With the economy opening up and jobs coming back into the picture, many who entered the gig workforce because there were no other jobs, are now moving away as jobs become available.
And those who are still part of the gig workforce are being lured by several new apps in the quick commerce or mobility space flush with funds offering higher incentives.
Bhaskar* who was a delivery partner with Zomato for about four years has now left the platform. He now rides for hyperlocal delivery platform Borzo, which he says is giving him better commissions, as against roughly Rs 20 he was making per order with Zomato.
Shaik Salauddin, national general secretary of the Indian Federation of APP- Based Transport Workers (IFAT), said that out of the roughly 15,000-30,000 delivery executives that larger cities have, around 2000-3000 per state have left these platforms.
"These workers are showing interest in signing up with apps such as Rapido, Uber Moto, and other such mobility platforms," said Salauddin.
Zomato, on the other hand, is in the process of transitioning into a slot-based delivery model where delivery executives will be allowed to log in for 4-hour slots, and if they’re to pick a second such slot, preference is first given to those who are logging in for the first time.
While Zomato’s new model is aimed at addressing the problem of long working hours of delivery executives, some delivery workers are unhappy with this model.

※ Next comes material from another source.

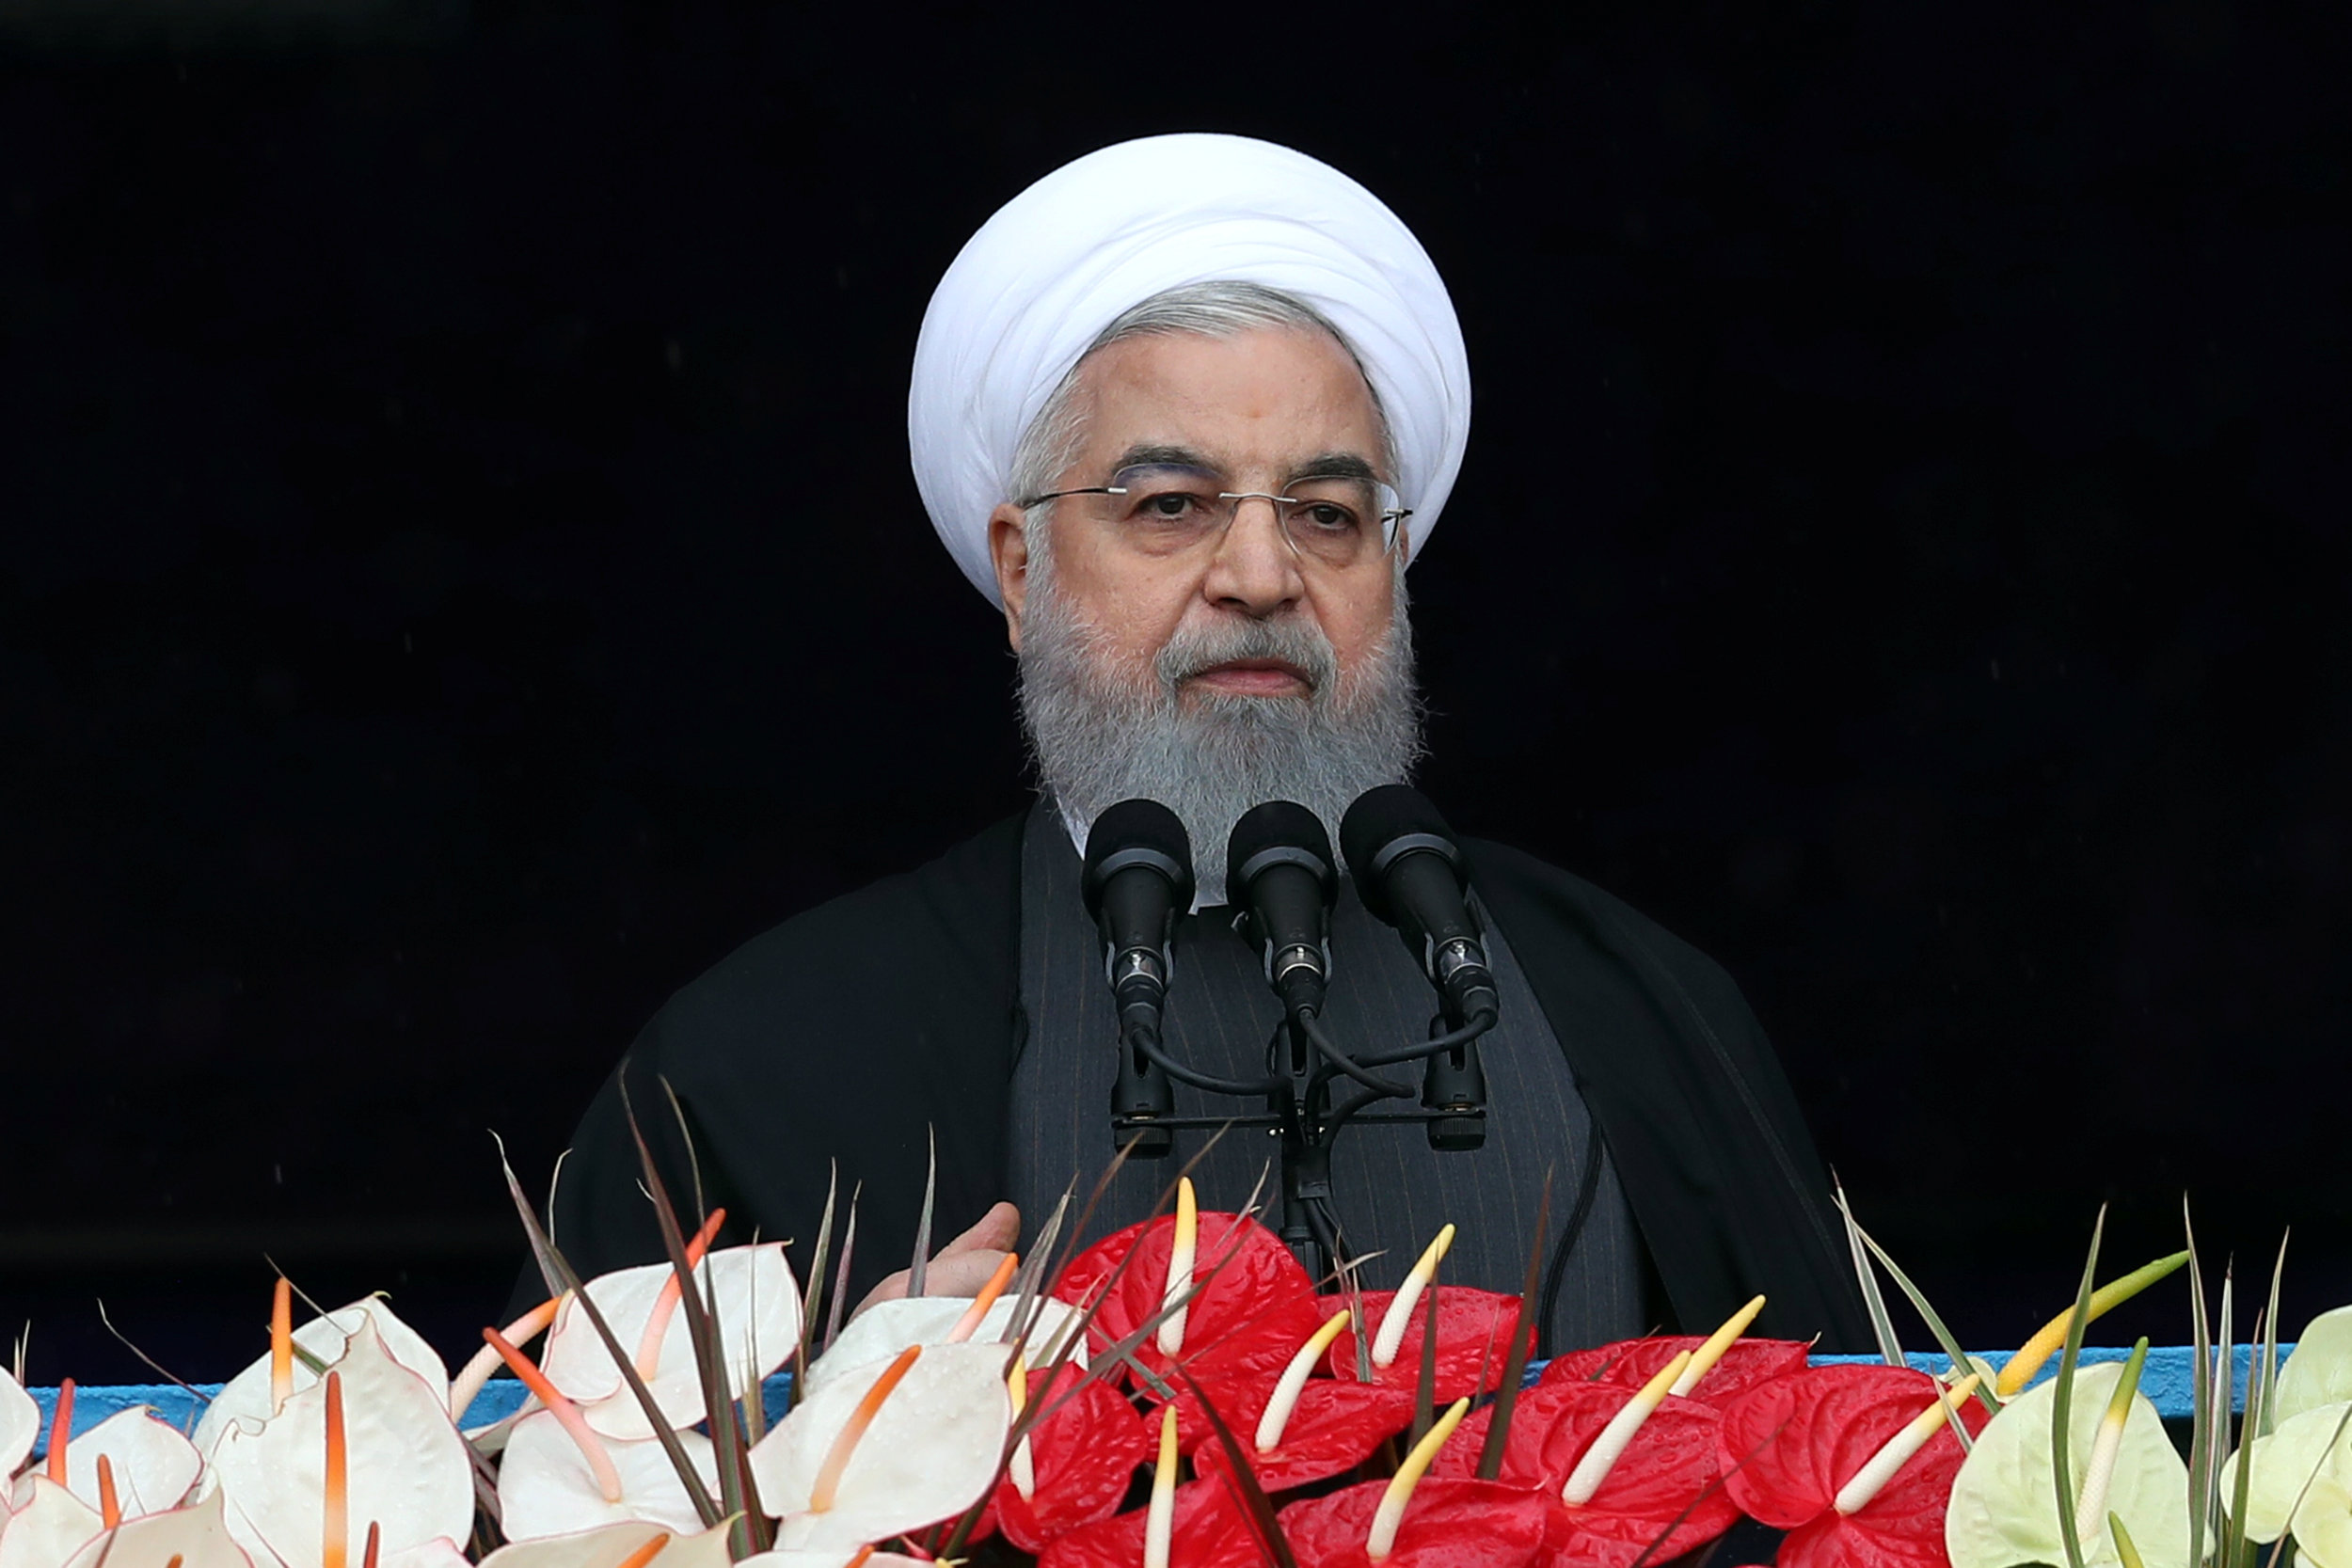 الرئيس الإيراني حسن روحاني يتحدث خلال احتفال بمناسبة الذكرى الأربعين للثورة الإسلامية في طهران. 11 فبراير 2019. رويترز

According to them, this limits the number of deliveries their able to make, thus limiting their earnings.
Industry experts, delivery executives and associations say that in addition to the reasons above, the hot weather and rising fuel costs are also pushing delivery executives away from these apps.
“It is so hot that working in the afternoon is painful, especially because we have to wait outdoors on the road waiting for orders to come in and then ride or cycle in this heat to delivery that order. And on top of that, I have to pay almost 120 per litre for petrol, which leaves me with nothing in hand by the end of the day,” a food delivery executive in Mumbai said.
The only way to address this problem, experts say, is better pay incentives that make gig work a sustainable work option for these workers.
“With these companies, especially the listed ones like Zomato now having to focus on turning profitable, they’re unable to lure workers with very high commissions or benefits anymore, unlike the new startups that are raising funds and luring gig workers. If the churn is to reduce, the only way to do that is for platforms to sell long-term association value to these gig workers to remain with them,” TeamLease's Chakraborty adds.